■ Exercise material ■

______

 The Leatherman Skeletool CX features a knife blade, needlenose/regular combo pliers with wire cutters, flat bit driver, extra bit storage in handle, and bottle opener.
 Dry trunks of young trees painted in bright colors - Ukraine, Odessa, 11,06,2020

______

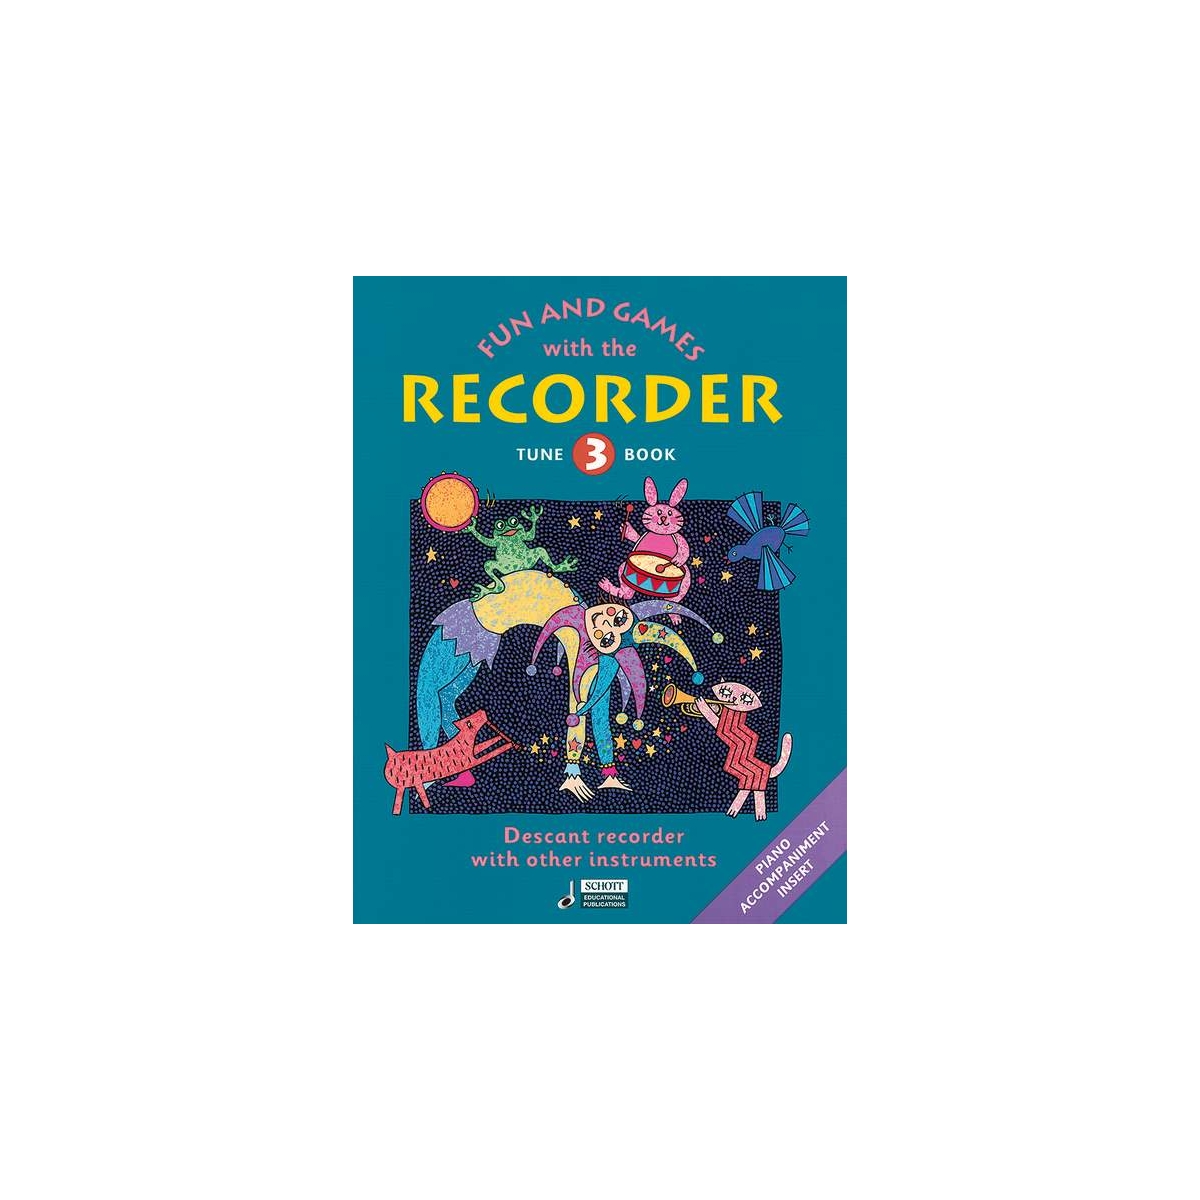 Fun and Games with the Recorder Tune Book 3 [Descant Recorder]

______

■ Work order ■
Reproduce verbatim the lines above, from the line with "The Leatherman Skeletool" through the line with "Dry trunks of".

■ Expected answer ■
 The Leatherman Skeletool CX features a knife blade, needlenose/regular combo pliers with wire cutters, flat bit driver, extra bit storage in handle, and bottle opener.
 Dry trunks of young trees painted in bright colors - Ukraine, Odessa, 11,06,2020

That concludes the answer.